Core LLM technicals
Introduction
Large Language Models (LLMs) are often described in simple terms as “chatbots” or “text generators,” but under the hood they are sophisticated computational systems built from several deep technical ideas working together. We saw some of these in earlier articles.
Their capabilities emerge not from any single breakthrough,
but from the careful combination of data representation, neural architectures,
training objectives, optimization strategies, and alignment methods. To really
understand LLMs, it helps to focus on a small number of core technical concepts
and explore them in depth.
This article explains five foundational technical ideas that power modern LLMs. These five ideas together explain how LLMs learn language, how they reason over context, why they scale so well, and where their limitations come from. If you understand these five, you understand the technical heart of LLMs.
These five are: (i) Tokenization and Representation Learning, (ii) Transformer Architecture and Self-Attention, (iii) Pretraining Objective and Emergent Capabilities, (iv) Alignment, Fine-Tuning, and Human Feedback, and (v) Inference, Decoding, and System-Level Grounding.
Five core technical ideas behind LLMs
1. Tokenization and Representation Learning
LLMs do not process raw text directly. Every piece of text
is first broken into tokens using subword tokenization methods that balance
vocabulary size with flexibility. This design choice determines how efficiently
a model can represent rare words, domain-specific terms, numbers, code, and
multilingual text. Poor tokenization can make learning harder, inflate sequence
length, and reduce performance on specific languages or tasks.
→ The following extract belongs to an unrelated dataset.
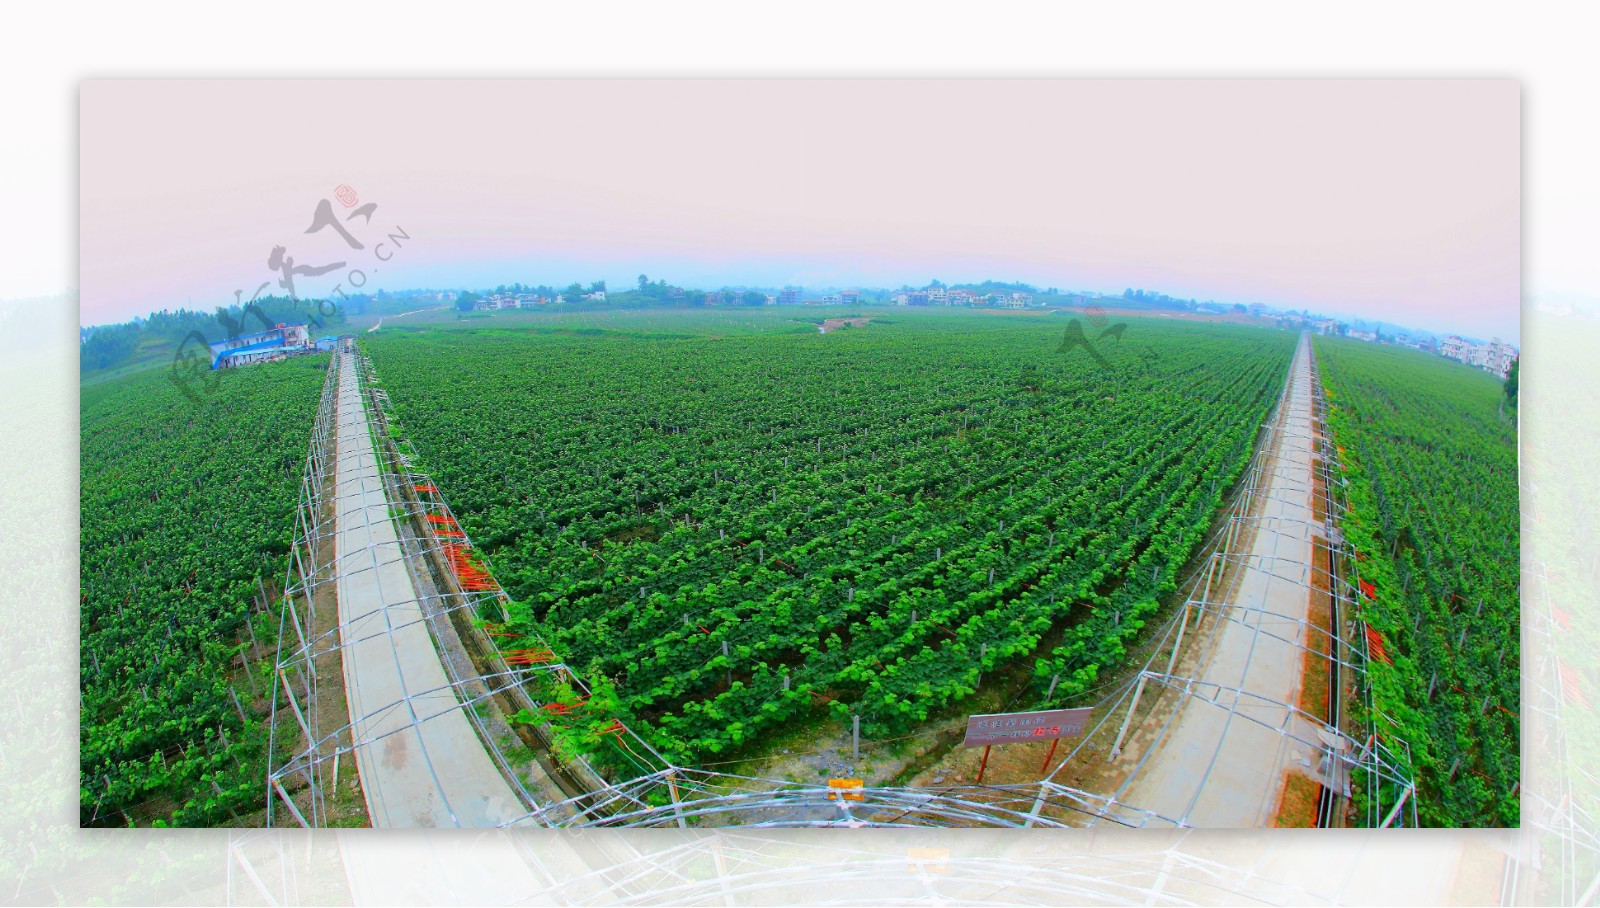 葡萄产业基地全景图片

Once tokenized, tokens are mapped into dense numerical vectors called embeddings. These embeddings are learned during training and represent semantic and syntactic relationships between tokens. Over time, the model organizes meaning in a high-dimensional space where similar concepts cluster together, enabling generalization across topics. Representation learning is what allows LLMs to move beyond memorization and operate on abstract relationships in language.
2. Transformer Architecture and Self-Attention
The transformer architecture is the structural backbone of
modern LLMs. Its defining component is self-attention, a mechanism that allows
each token to dynamically focus on other tokens in the input sequence. This
enables the model to capture long-range dependencies such as references,
logical connections, and discourse structure without relying on sequential
processing.
Multi-head attention extends this idea by allowing multiple attention patterns to be learned in parallel. Different heads learn to focus on different linguistic features, such as syntax, semantics, or entity relationships. Stacking many transformer layers allows progressively richer abstractions to form. This architectural design is why LLMs scale effectively with more parameters and data, and why they outperform older sequence models on complex language tasks.
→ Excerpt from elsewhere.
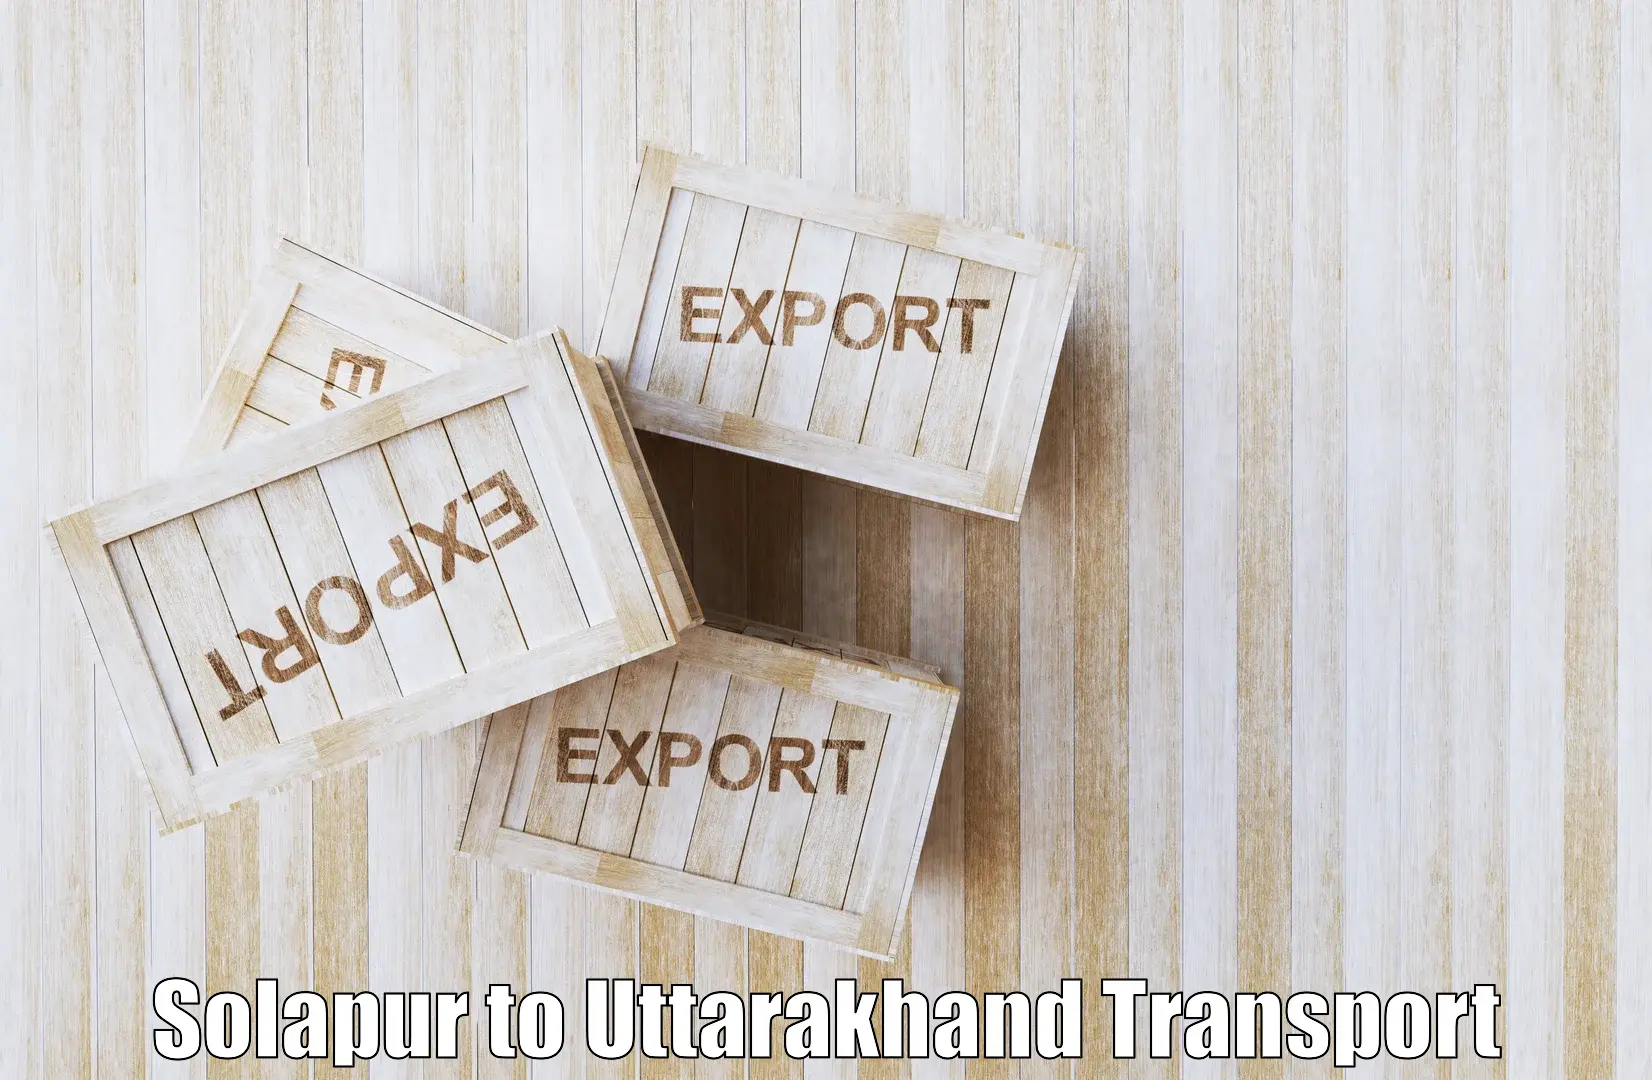 Land transport services Solapur to Kotdwara

3. Pretraining Objective and Emergent Capabilities
LLMs are pretrained using a simple objective: predict the
next token given previous context. Despite its simplicity, this objective
forces the model to learn grammar, facts, styles, and patterns of reasoning
from data. As model size and training data increase, new abilities emerge that
were not explicitly programmed, such as in-context learning, multi-step
reasoning, and zero-shot task performance.
These emergent capabilities arise from scale interacting with the training objective. The model internalizes broad world knowledge and structural regularities of language, allowing it to generalize to unseen tasks with minimal prompting. However, the same mechanism also explains why LLMs can confidently generate incorrect information: the objective optimizes for plausibility, not truth. Emergence is powerful, but it also creates unpredictability in behaviour.
4. Alignment, Fine-Tuning, and Human Feedback
Raw pretrained LLMs are not directly useful or safe for
real-world interaction. Fine-tuning adapts the model to follow instructions,
answer questions, and behave within expected norms. This includes supervised
fine-tuning on curated datasets and reinforcement learning from human feedback
(RLHF), where human preferences guide output quality and safety.
Alignment techniques shape tone, refusal behavior, safety boundaries, and helpfulness. They introduce social and ethical constraints that are not present in raw language modeling. However, alignment is not a one-time fix; it is an ongoing engineering process. The values encoded in alignment reflect the feedback sources and policies used, which means alignment choices are inherently normative and require transparency and governance.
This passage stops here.